**THE PROBLEM**
Strip out the pictures and output each remaining line of the data word for word.

** Opening SOURCE MATERIAL block **

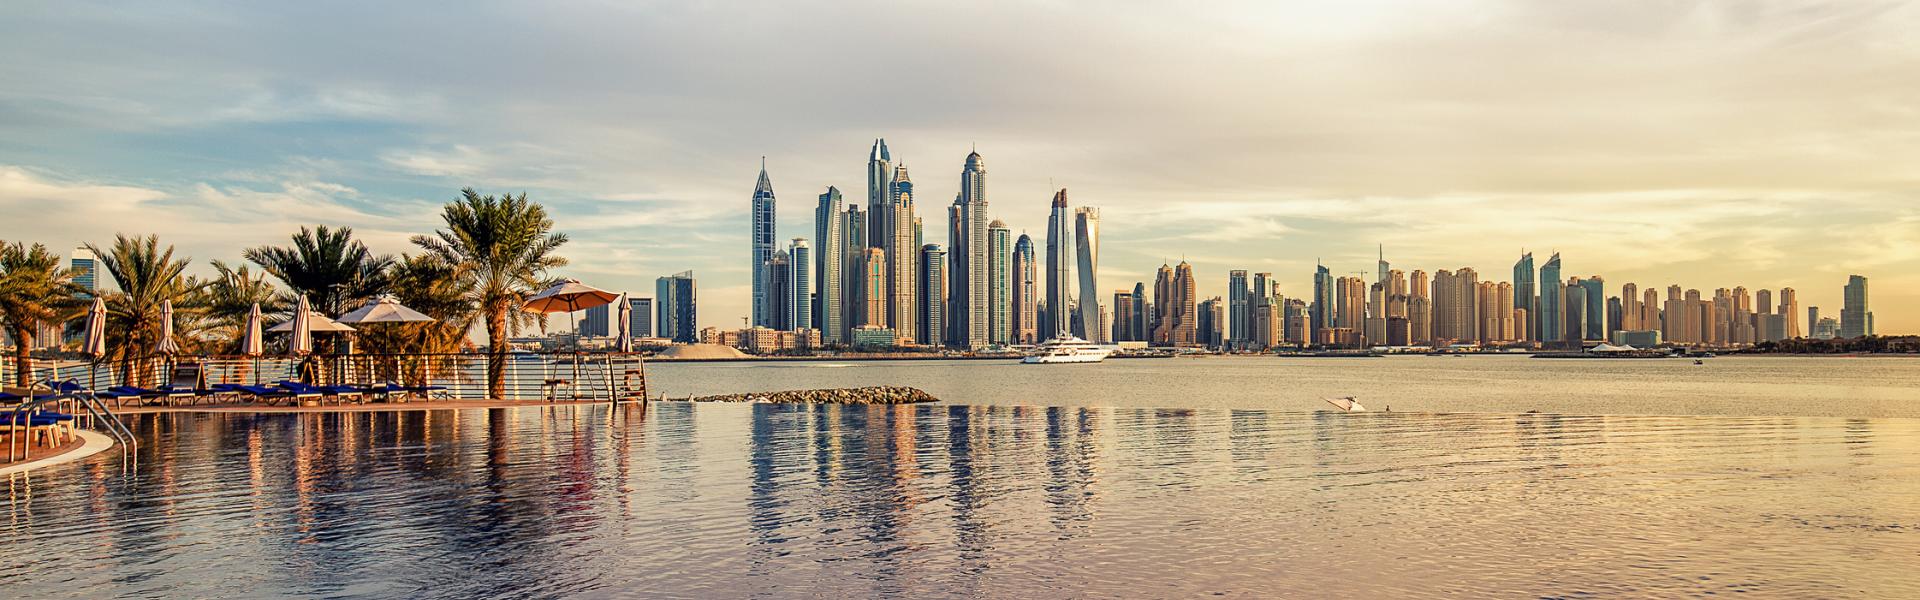 Noclegi w Zjednoczonych Emiratach Arabskich - HomeToGo
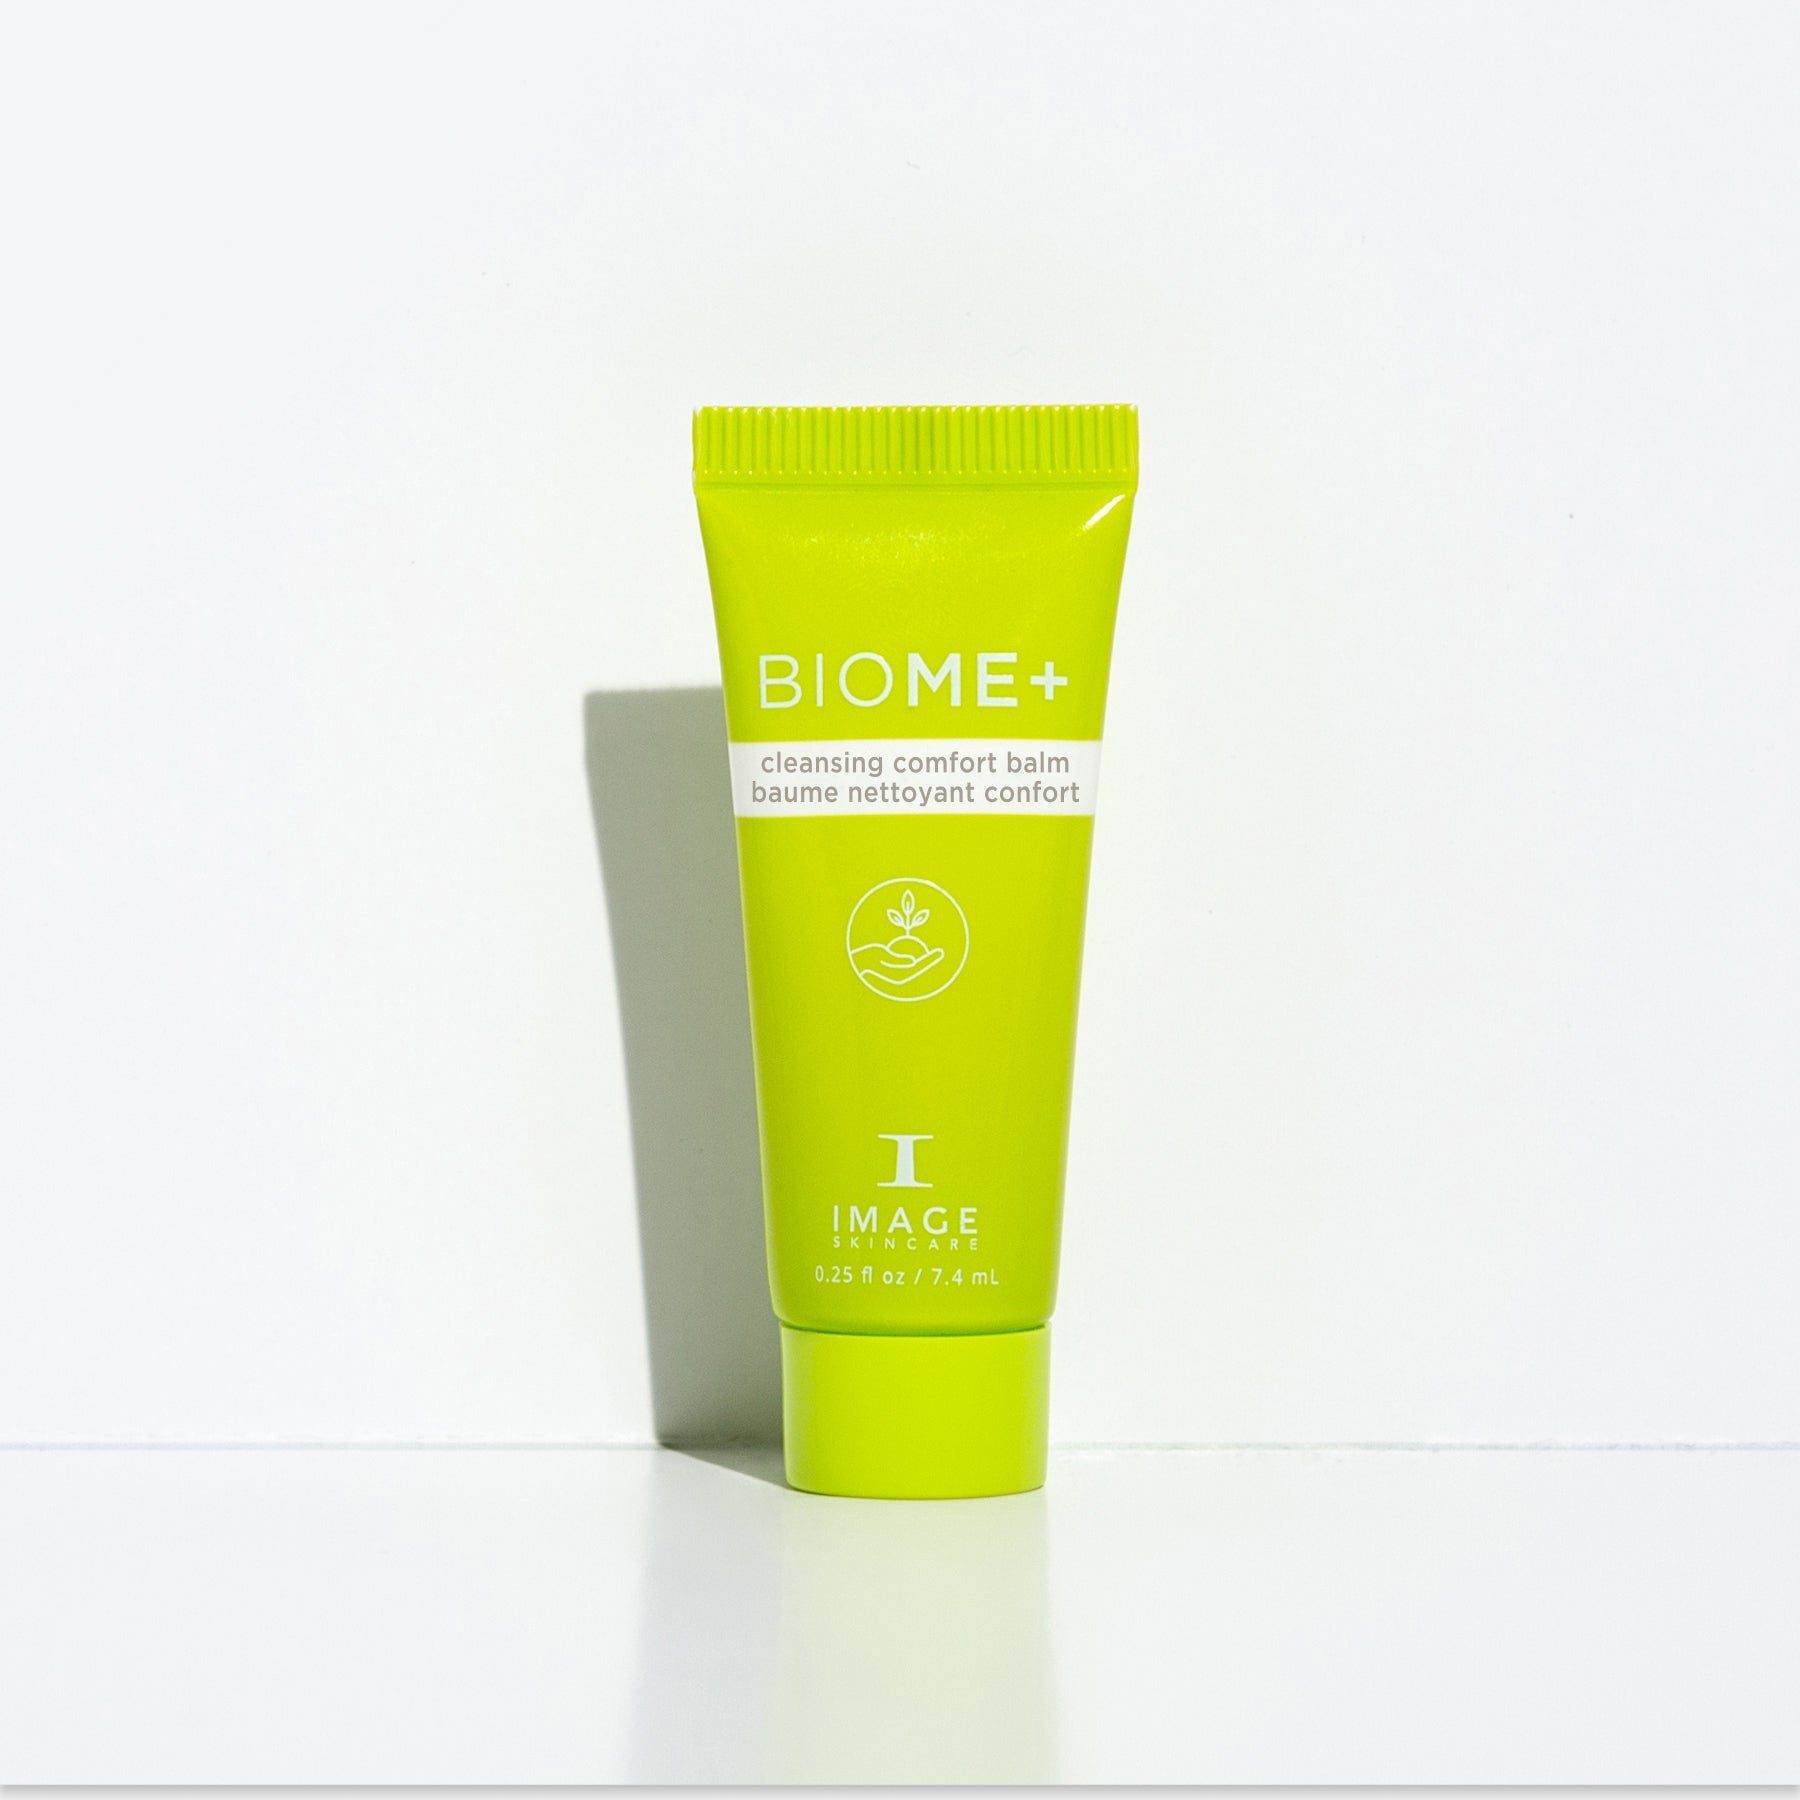 BIOME+ cleansing comfort balm sample – Image Skincare
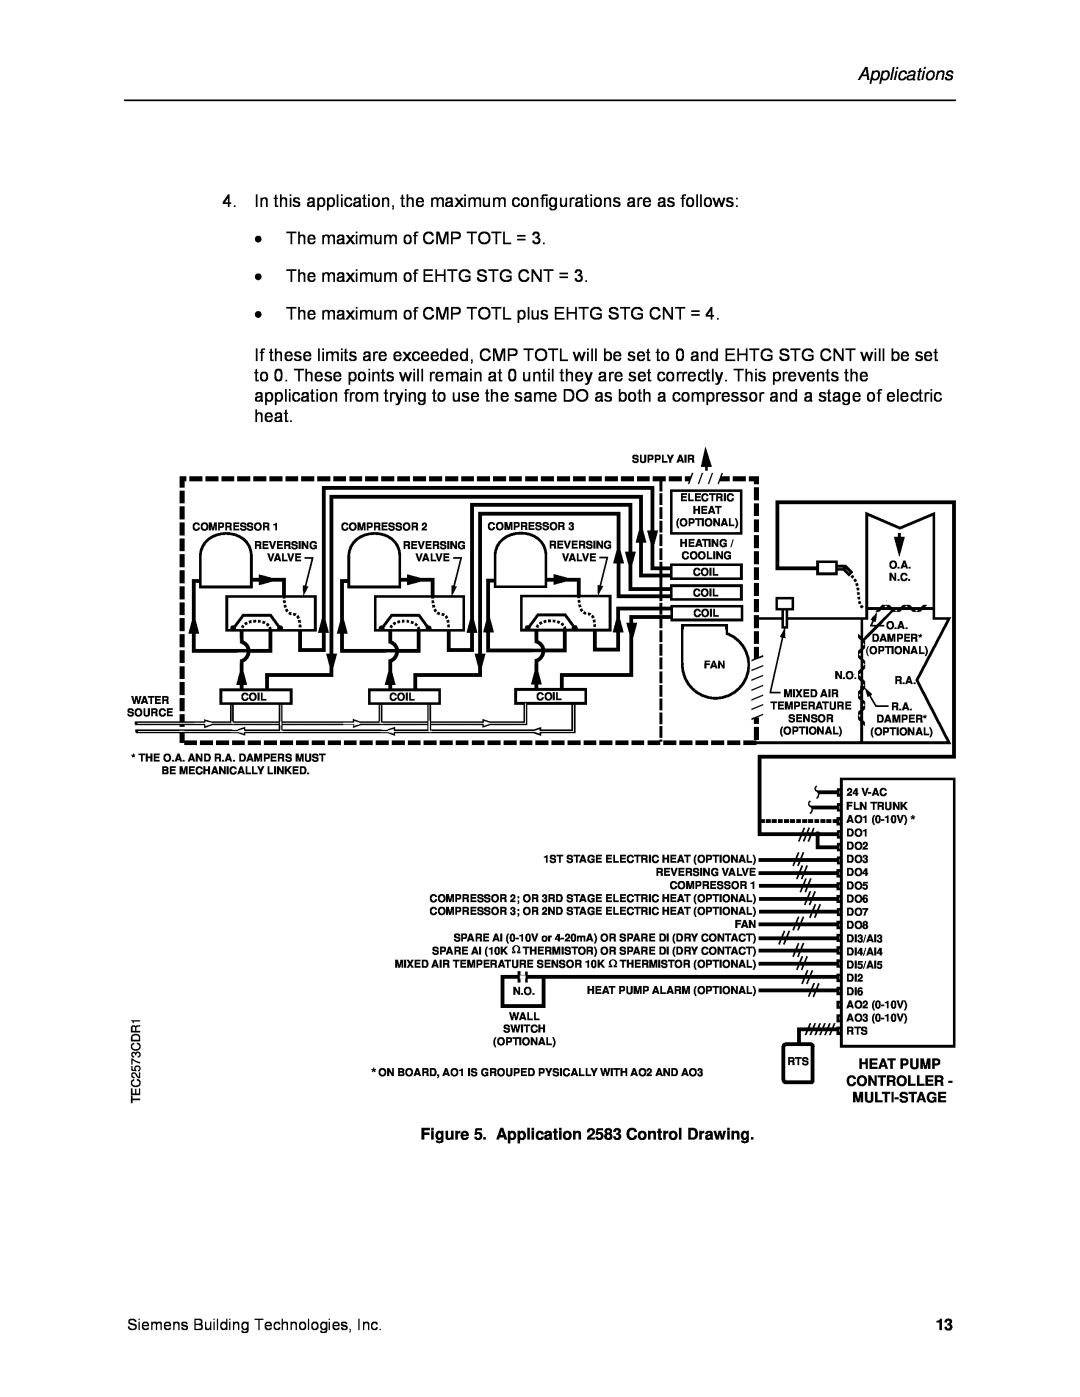 Siemens 125-699 owner manual Applications, The maximum of CMP TOTL = 
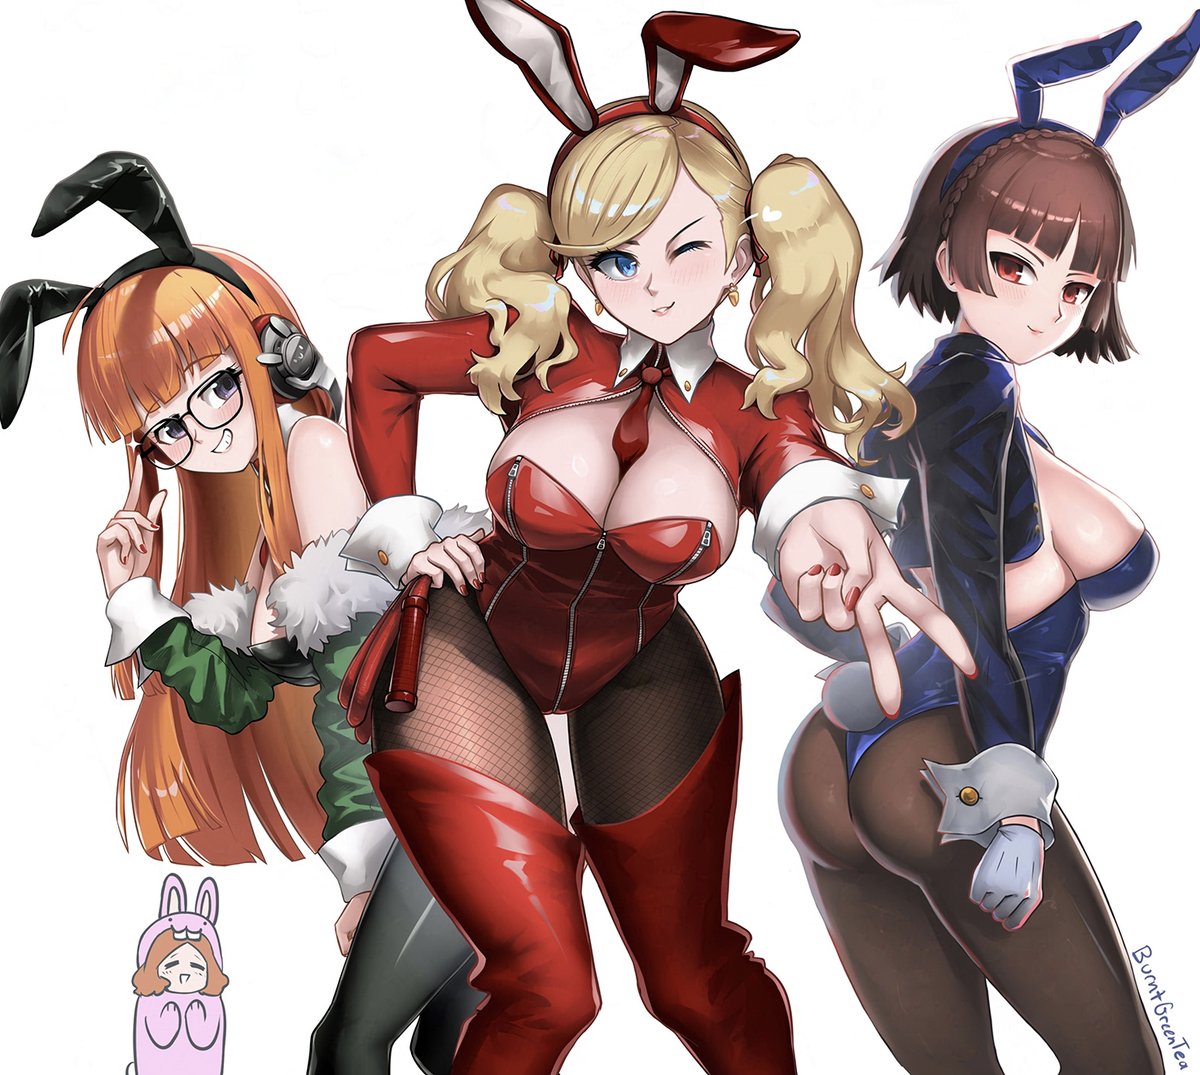 Bunny Persona 5 girls #Persona5
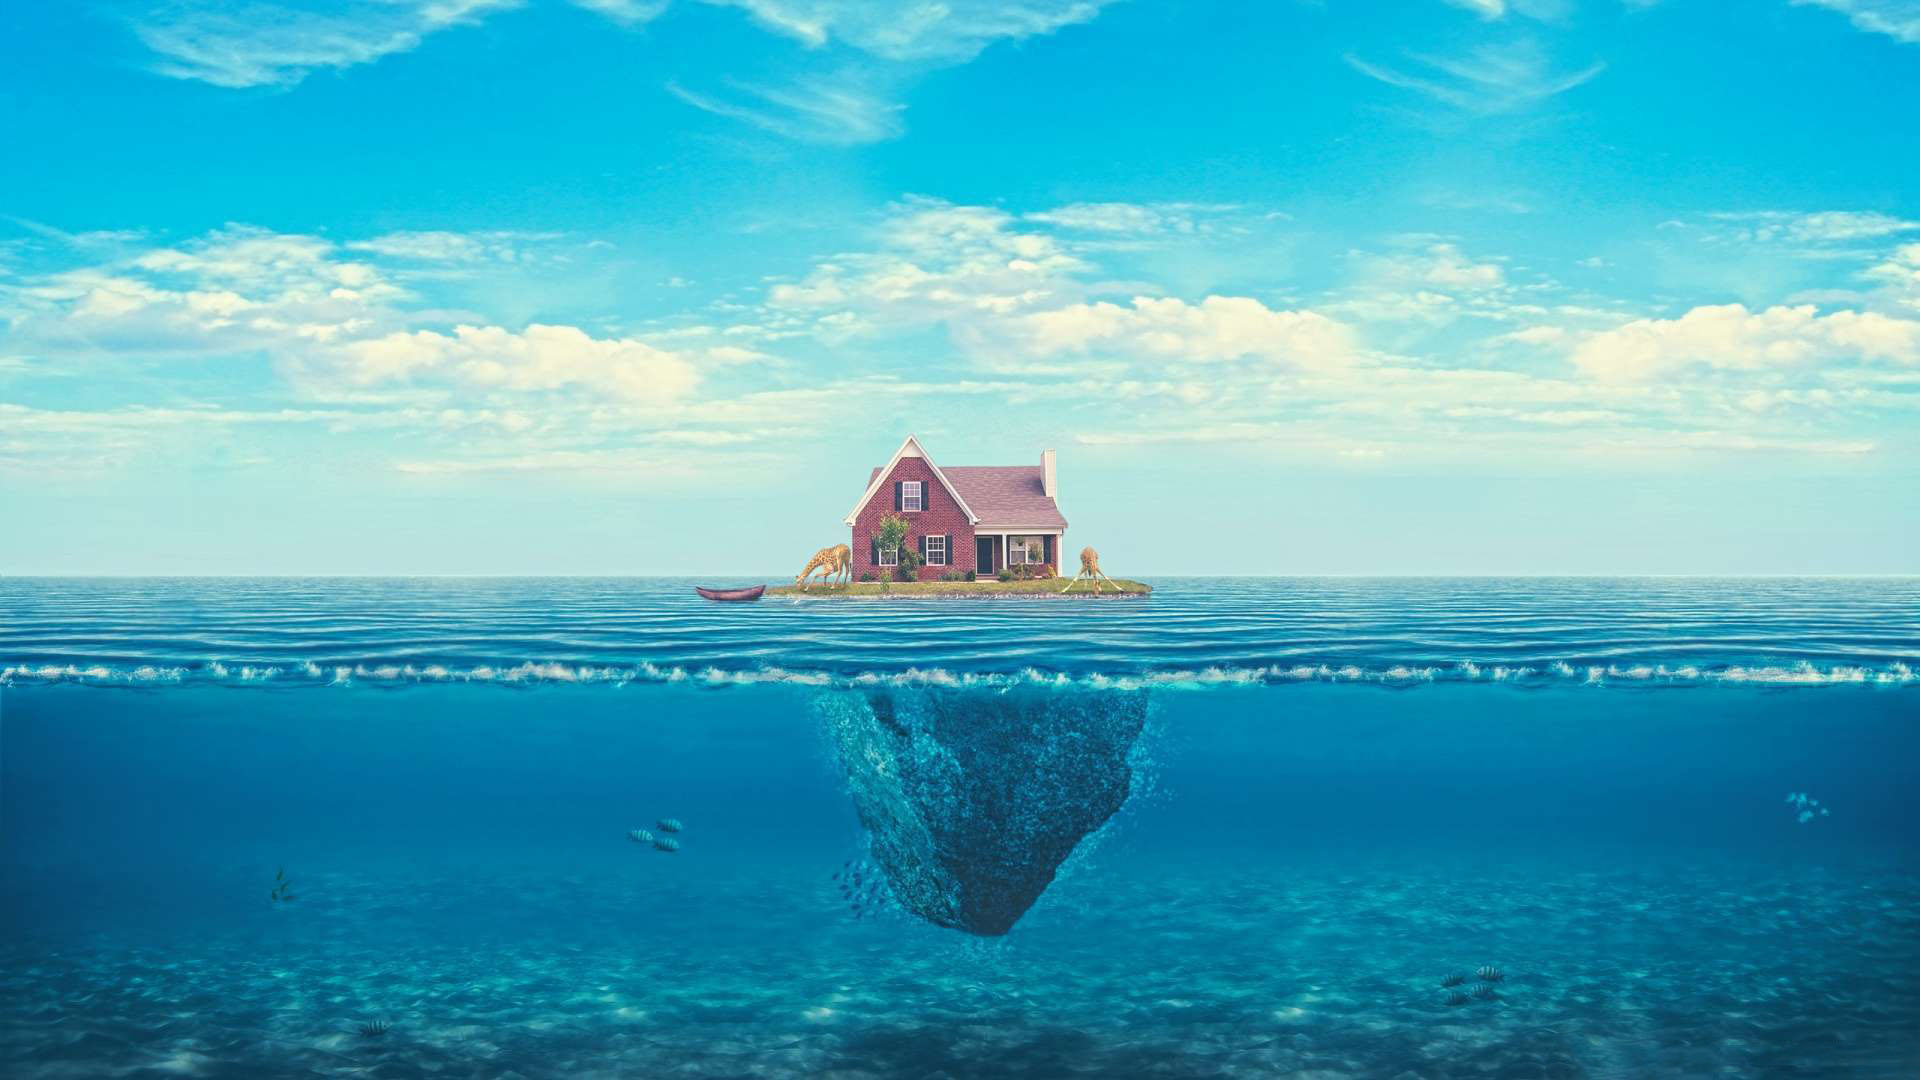 House On The Ocean Wallpaper 1080p 23119 Wallpaper High

** Closing SOURCE MATERIAL block **

**SOLUTION FOR THIS TASK**
 Noclegi w Zjednoczonych Emiratach Arabskich - HomeToGo
 BIOME+ cleansing comfort balm sample – Image Skincare
 Siemens 125-699 owner manual Applications, The maximum of CMP TOTL = 
 Bunny Persona 5 girls #Persona5
 House On The Ocean Wallpaper 1080p 23119 Wallpaper High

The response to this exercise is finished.